Failure to combine Sales and Marketing efforts is wasting revenue potential. Remember IDC's findings that Marketing and Sales misalignment translates to 10% or more revenue lost. By improving the relationship between these two, you will likely see improved lead conversions since Marketing will have a clearer understanding of what Sales is looking for, and Sales will have better insight into what Marketing is passing along.
Steps to Creating the SLA Link between Sales and Marketing
- Define your buyer personas - As with everything else in your demand and lead generation, your SLA should clearly communicate the criteria for who you are trying to engage. Chances are your Sales and Marketing teams have different ideas of your "ideal" customer. Armed with detailed characteristics, the teams should sit together to build a singular, mutually acceptable set of customer profiles.
- Establish common definitions - At a minimum, you should clearly define what a "Sales-ready" lead is. This step is the most important to accomplishing a mutually respectful collaboration between the teams. Start by looking at your pipeline data. Ask yourselves: what criteria offers the best definition of a Sales-ready lead? You should also ask:
- How do your Sales and Marketing teams define a Sales-ready lead?
- What criteria discards a lead from being Sales-ready?
- What demographics or firmographics disqualify a lead from being Sales-ready?
- How do your team's define the various stages of lead management?
- Set clear goals - The marketing team should be tasked with goals around how many leads to source, targets for each phase of the funnel and how many Sales Qualified Leads (SQLs) should be turned over to Sales. This step should be reviewed each quarter at a minimum.
- Define the handoff - This step is why clear definitions are important (Step 1). You must determine if and how a lead is handed to Sales.
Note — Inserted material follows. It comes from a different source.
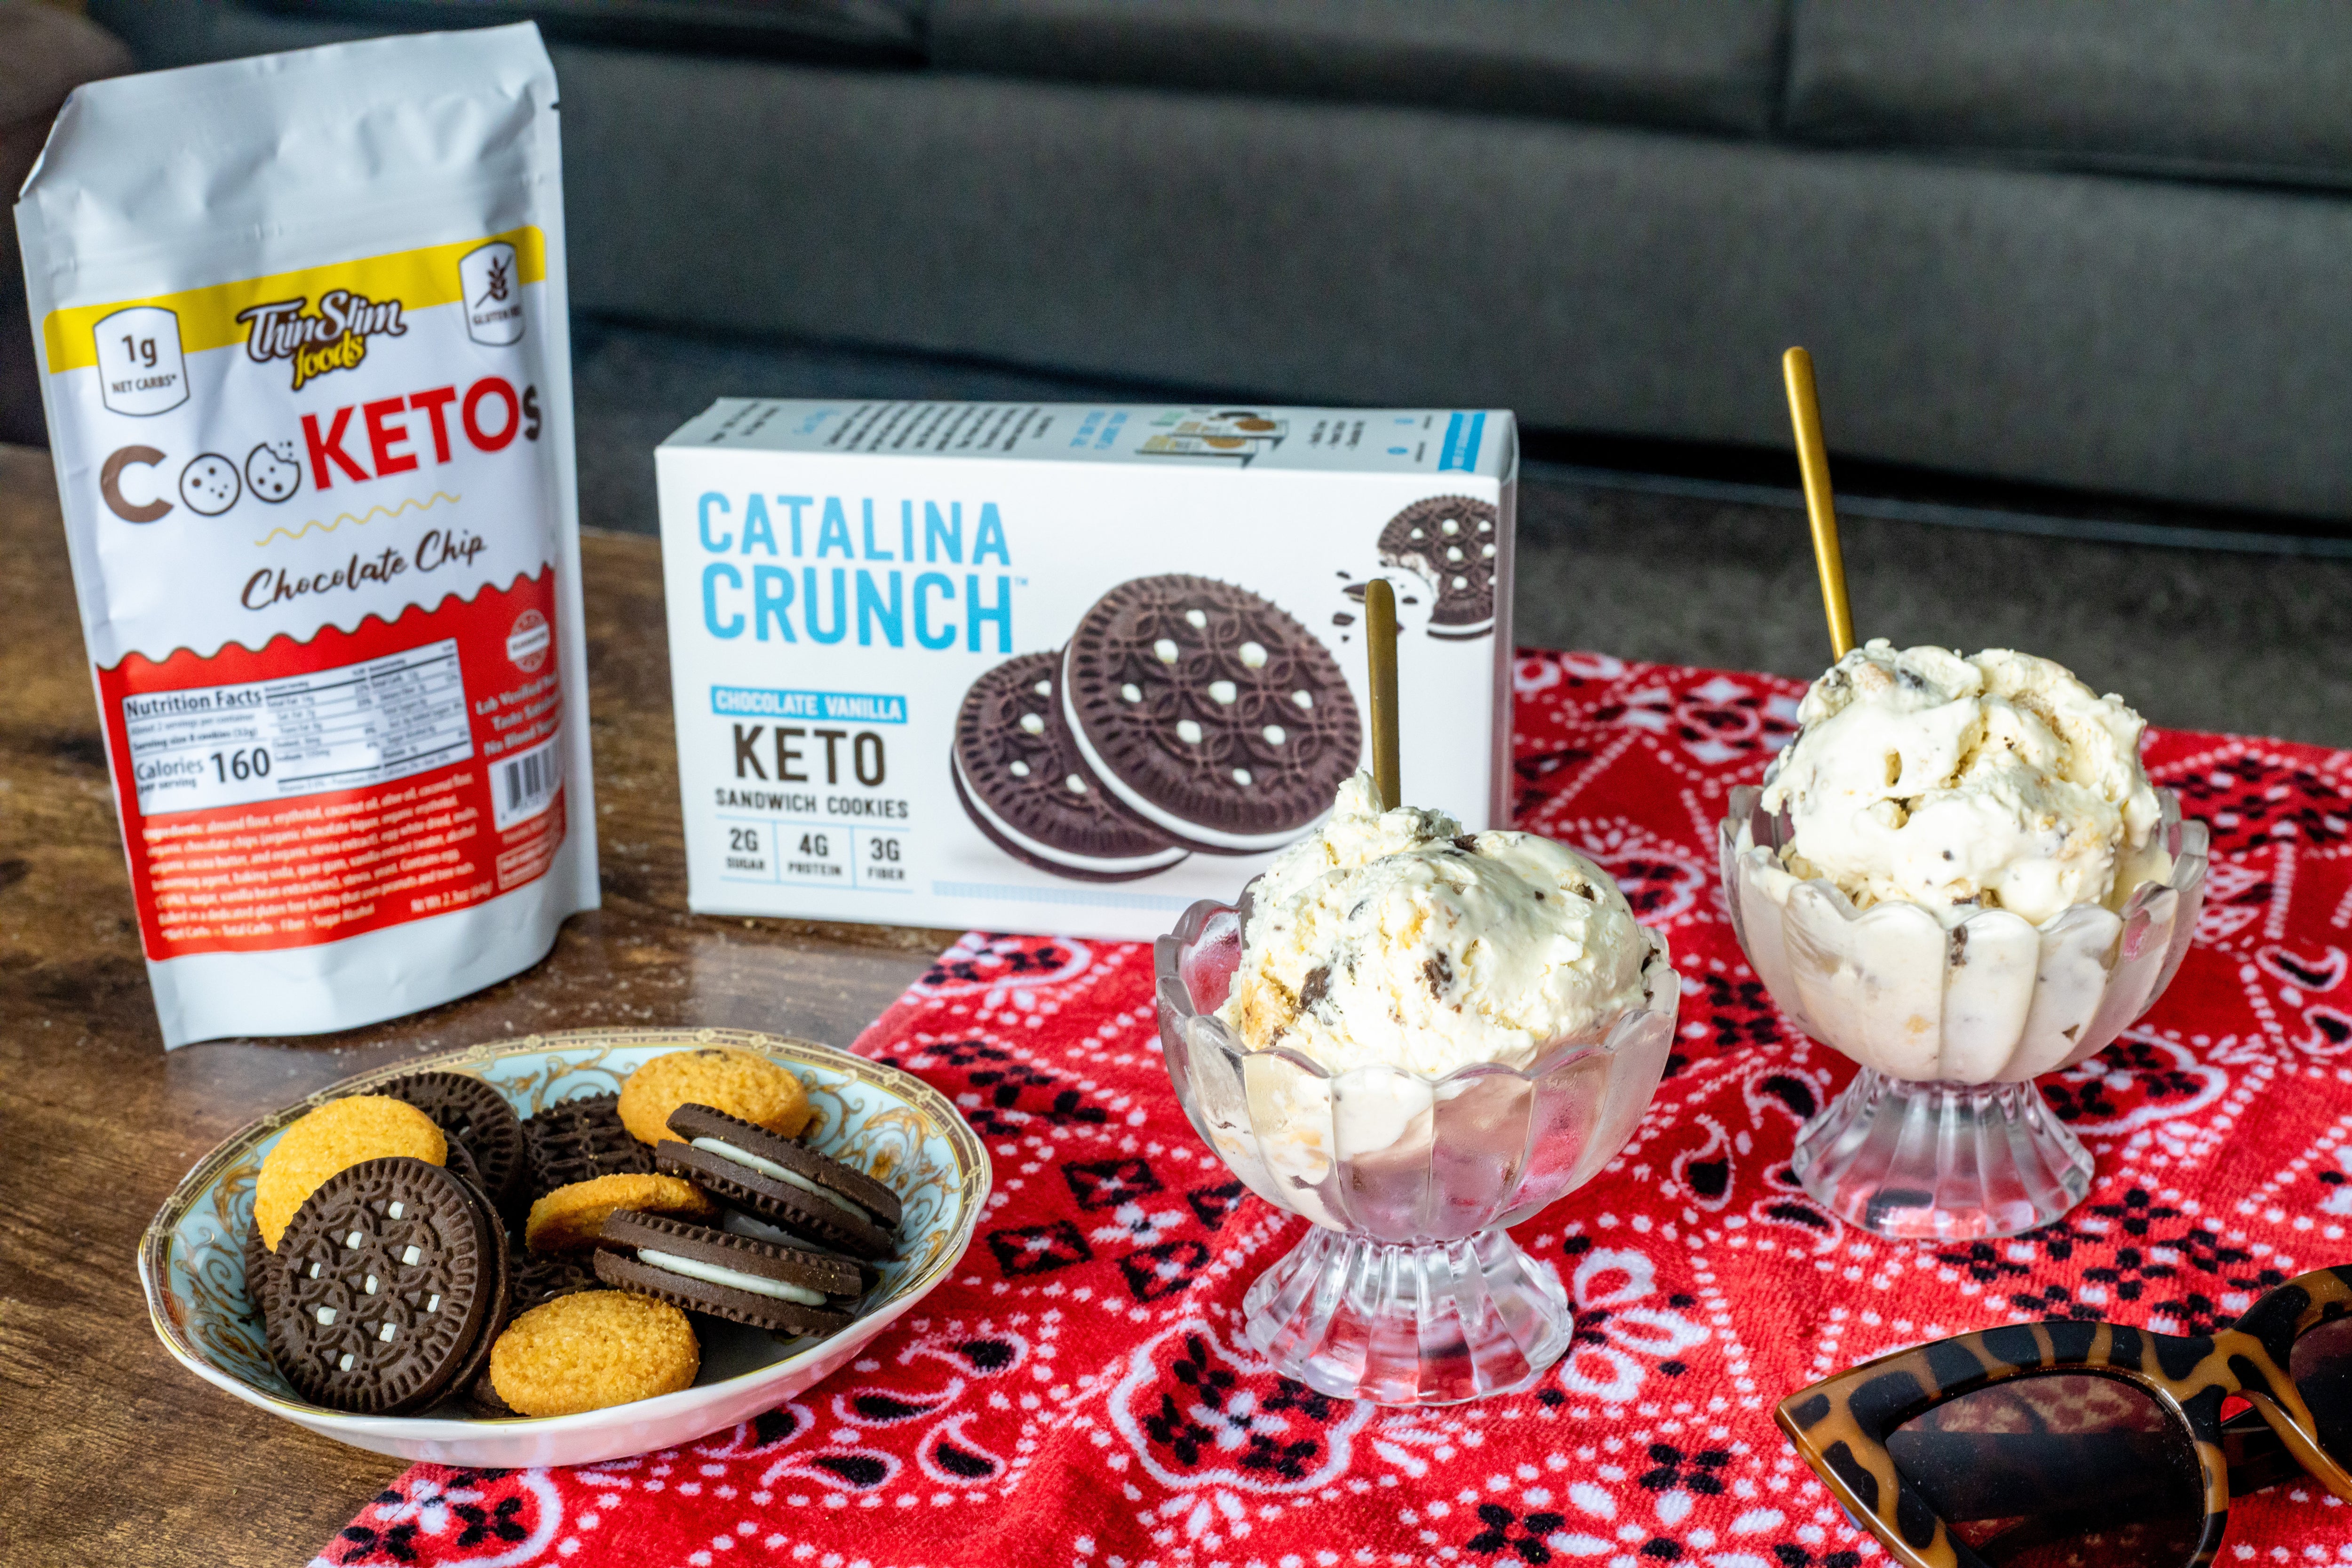 Thin Slim Foods & Catalina Crunch Cookie Blast No Churn Ice Cream

At this step, you should be asking each other:
- Who receives a Sales-ready lead? Is it a singular person, an input to CRM that triggers a workflow or are leads distributed to individual people?
- How will Sales report disqualified leads back to Marketing?
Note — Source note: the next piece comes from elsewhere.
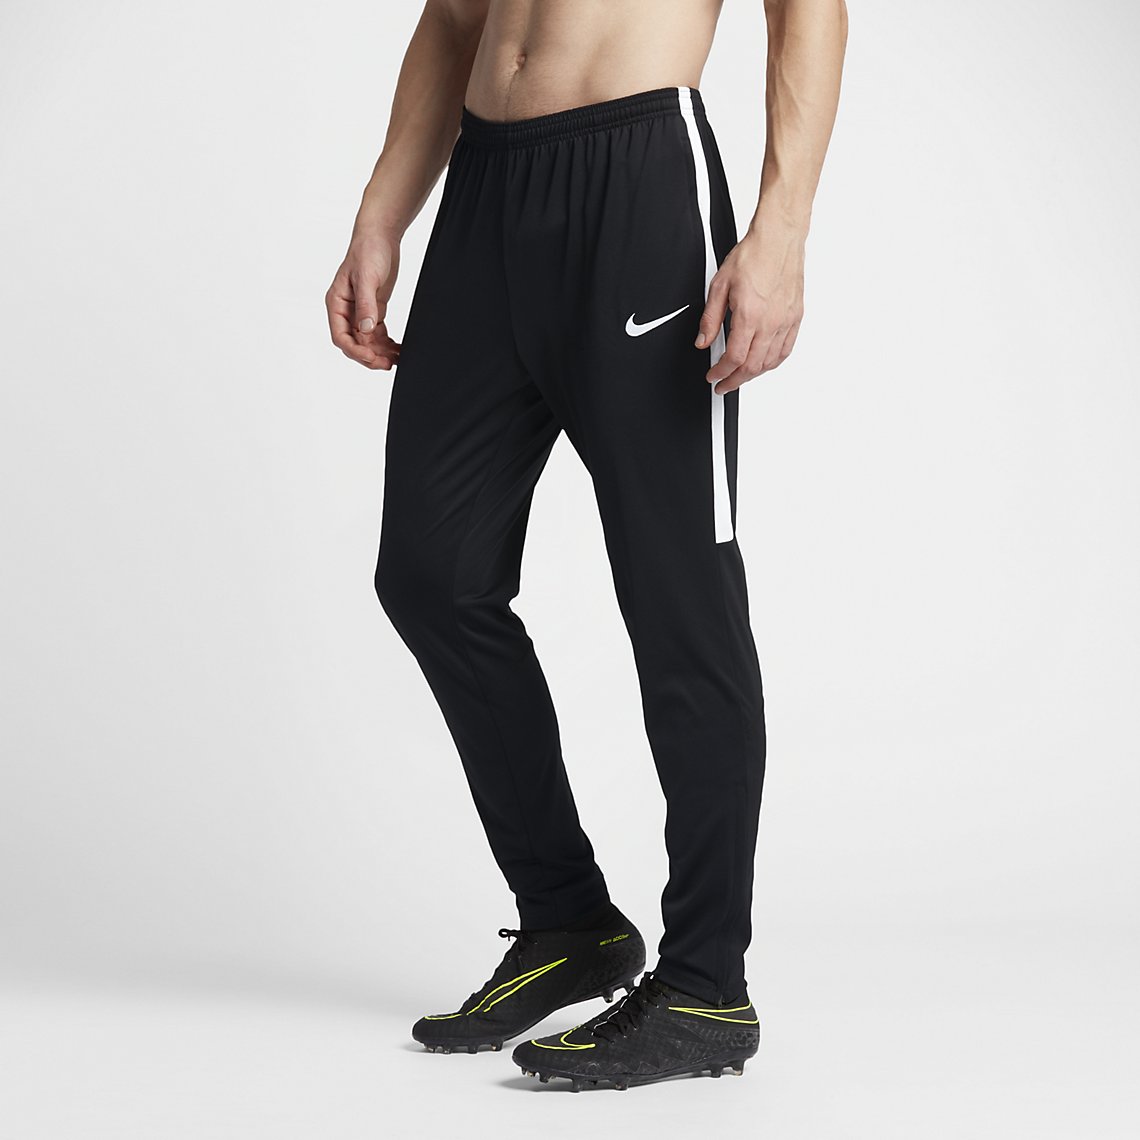 supermarkt Rechtzetten Kwijting Men's Dry Academy Soccer Pants

- Who are your main points of contact from both teams for the lead process?
- Establish a Marketing and Sales funnel - The steps described above are far more helpful when Marketing and Sales have an aligned sales funnel. In Superhero of you Sales Funnel, we described how working as a cohesive cross-functional team better equips your organization to convert contacts to customers. Working from a single funnel, each team will understand the responsibilities from TOFU to BOFU.
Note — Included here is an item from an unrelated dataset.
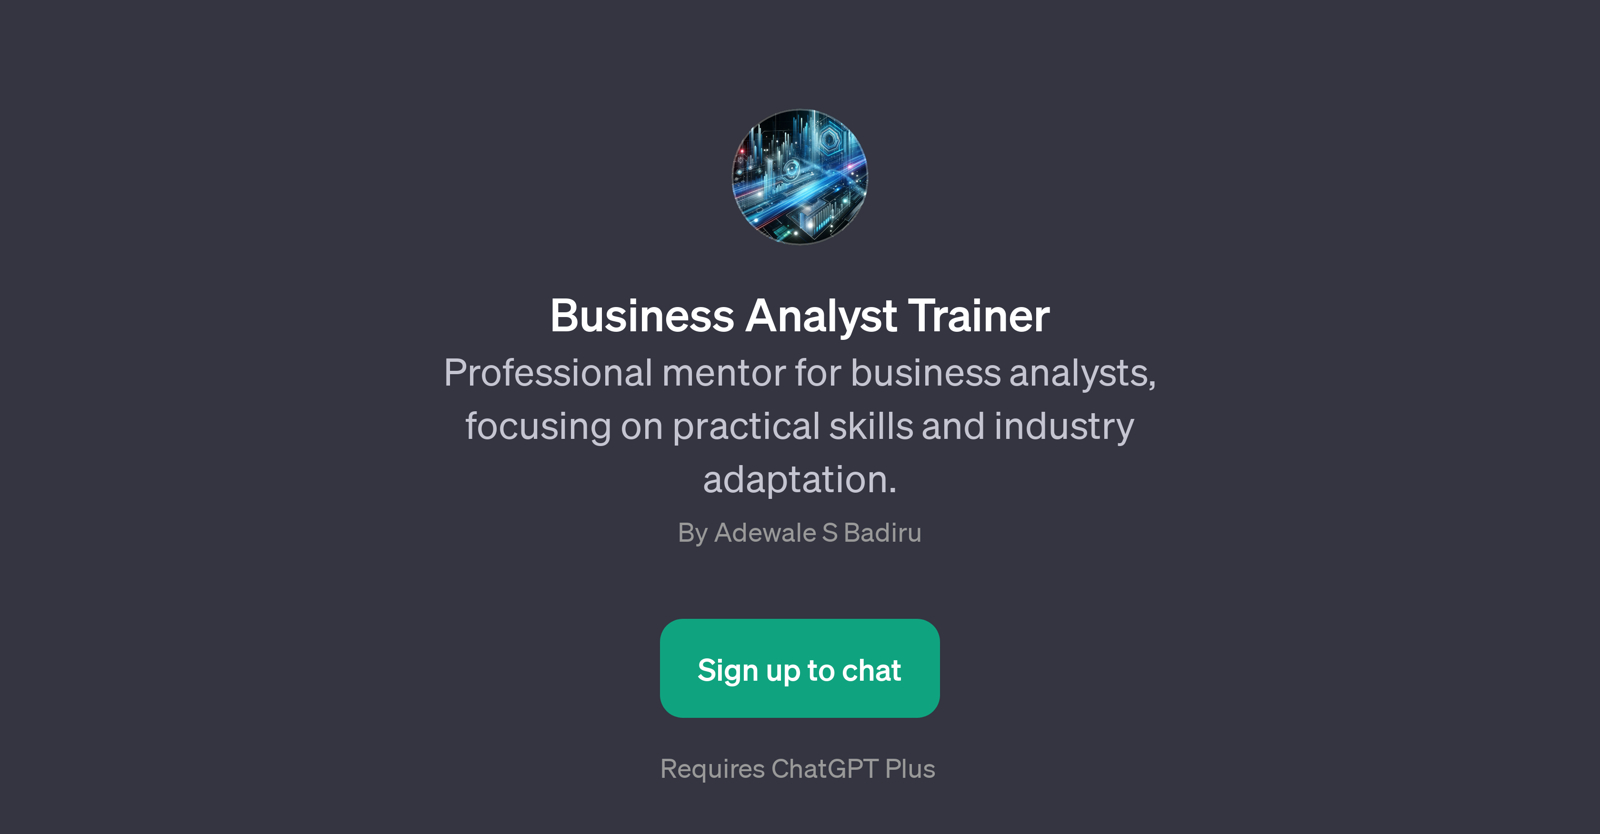 Business Analyst Trainer website

- Review and adjust - Your SLA should include key performance indicators (KPIs) used to track the progress and effectiveness of your aligned efforts. An emphasis should be placed on shared performance and metrics:
- Lead response rate?
- Number of SQLs handed from Marketing to Sales?
- What are the conversion rates at each stage of your marketing and sales funnel?
- Review any large wins or losses. What criteria converted them to purchase or not to purchase? Where did you do exceptionally? What areas need improvement?
Establishing a SLA is no easy feat, but it's a task well worth the effort. The act of creating, monitoring and modifying the SLA enables Sales and Marketing to look at the important contributors to success and ensure everyone is on the same accord.
Sales and Marketing alignment is so critical to provide a cohesive customer experience. We are living in the age of the customer. Marketing and Sales must unify their efforts to assure all activities are to, with, for and around the customer to increase retention rates, improve relationships and remain profitable.